Non-Google models of late 2027 use Nvidia Rubin, but not yet Rubin Ultra. Rubin NVL144 racks have the same number of compute dies and chips as Blackwell NVL72 racks (change in the name is purely a marketing thing, they now count dies instead of chips). The compute dies are already almost reticle sized, can’t get bigger, but Rubin uses 3nm (~180M Tr/mm2) while Blackwell is 4nm (~130M Tr/mm2). So the number of transistors per rack goes up according to transistor density between 4nm and 3nm, by 1.4x, plus better energy efficiency enables higher clock speed, maybe another 1.4x, for the total of 2x in performance. The GTC 2025 announcement claimed 3.3x improvement for dense FP8, but based on the above argument it should still be only about 2x for the more transistor-hungry BF16 (comparing Blackwell and Rubin racks).
Abilene site of Stargate[1] will probably have 400K-500K Blackwell chips in 2026, about 1 GW. Nvidia roadmap puts Rubin (VR200 NVL144) 1.5-2 years after Blackwell (GB200 NVL72), which is not yet in widespread use, but will get there soon. So the first models will start being trained on Rubin no earlier than late 2026, much more likely only in 2027, possibly even second half of 2027. Before that, it’s all Blackwell, and if it’s only 1 GW Blackwell training systems[2] in 2026 for one AI company, shortly before 2x better Rubin comes out, then that’s the scale where Blackwell stops, awaiting Rubin and 2027. Which will only be built at scale a bit later still, similarly to how it’s only 100K chips in GB200 NVL72 racks in 2025 for what might be intended to be a single training system, and not yet 500K chips.

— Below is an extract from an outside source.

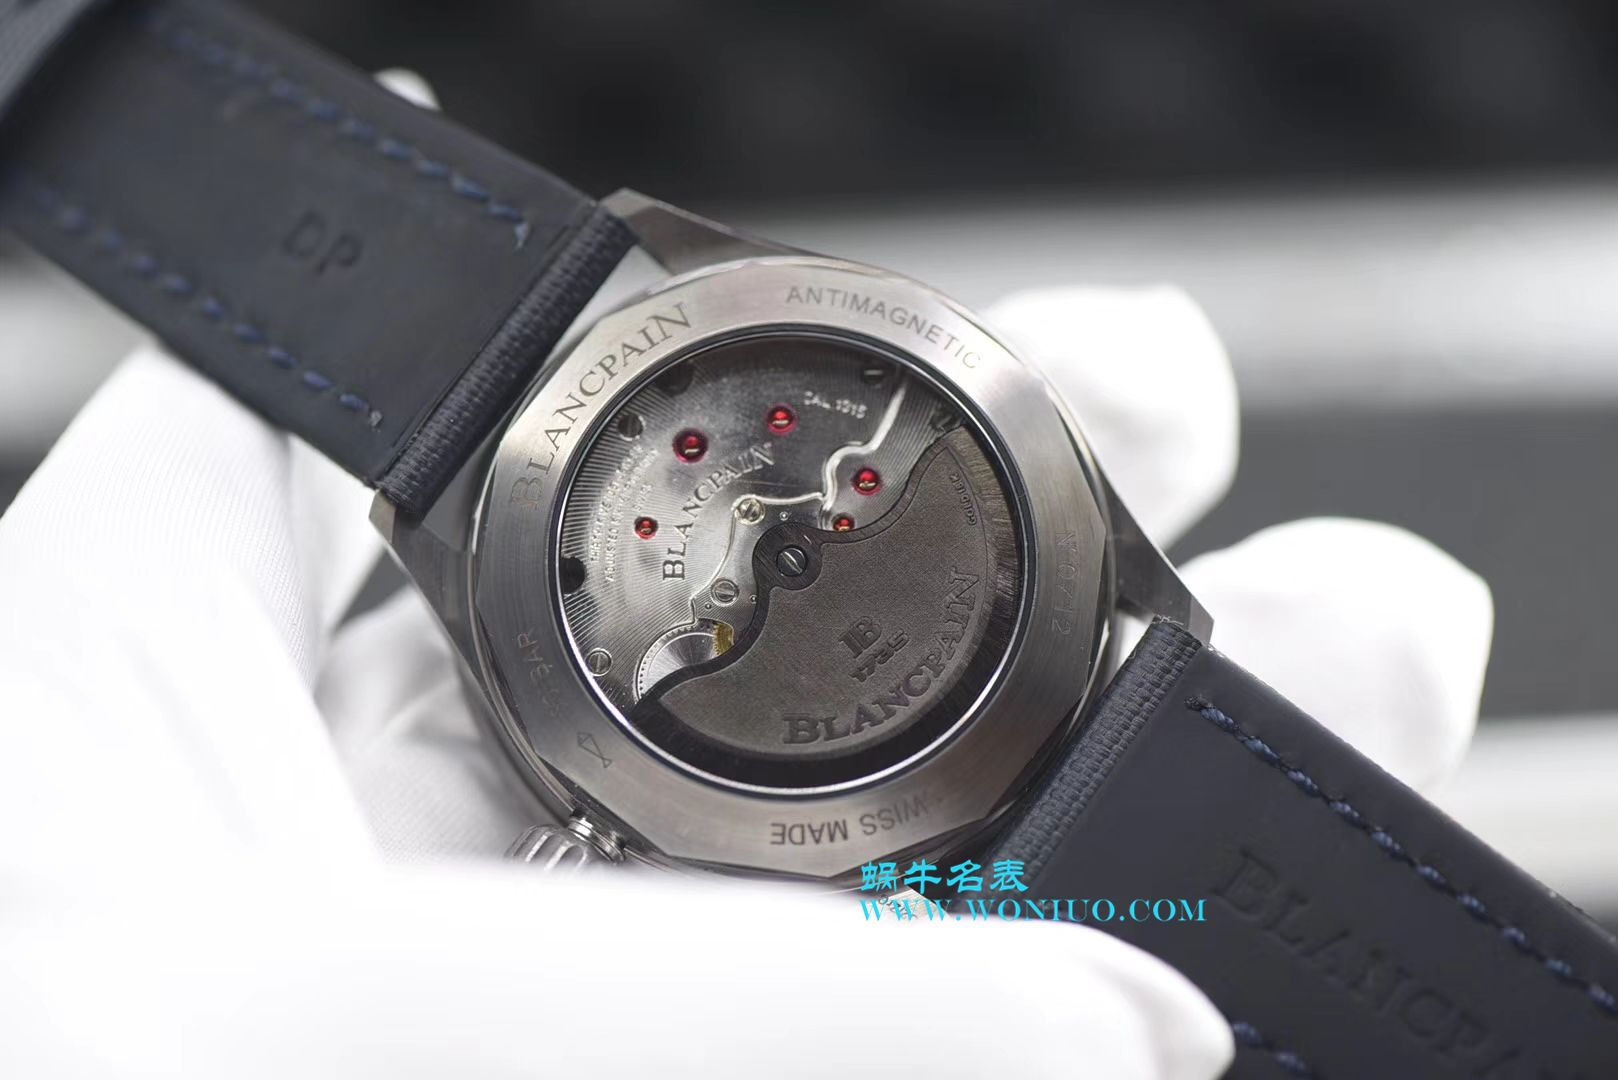 【ZF厂顶级复刻手表】宝珀五十噚系列5000-0240-O52A腕表 / BP051

This predicts at most 1e28 BF16 FLOPs (2e28 FP8 FLOPs) models in late 2026 (trained on 2 GW of GB200/GB300 NVL72), and very unlikely more than 1e28-4e28 BF16 FLOPs models in late 2027 (1-4 GW Rubin datacenters in late 2026 to early 2027), though that’s alternatively 3e28-1e29 FP8 FLOPs given the FP8/BF16 performance ratio change with Rubin I’m expecting. Rubin Ultra is another big step ~1 year after Rubin, with 2x more compute dies per chip and 2x more chips per rack, so it’s a reason to plan pacing the scaling a bit rather than rushing it in 2026-2027. Such plans will make rushing it more difficult if there is suddenly a reason to do so, and 4 GW with non-Ultra Rubin seems a bit sudden.
So pretty similar to Agent 2 and Agent 4 at some points, keeping to the highest estimates, but with less compute than the plot suggests for months while the next generation of datacenters is being constructed (during the late 2026 to early 2027 Blackwell-Rubin gap).
For me a specific crux is scaling laws of R1-like training, what happens when you try to do much more of it, which inputs to this process become important constraints and how much they matter. This working out was extensively brandished but not yet described quantitatively, all the reproductions of long reasoning training only had one iteration on top of some pretrained model, even o3 isn’t currently known to be based on the same pretrained model as o1.
The AI 2027 story heavily leans into RL training taking off promptly, and it’s possible they are resonating with some insider rumors grounded in reality, but from my point of view it’s too early to tell. I guess in a few months to a year there should be enough public data to tell something, but then again a quantitative model of scaling for MoE (compared to dense) was only published in Jan 2025, even though MoE was already key to original GPT-4 trained in 2022.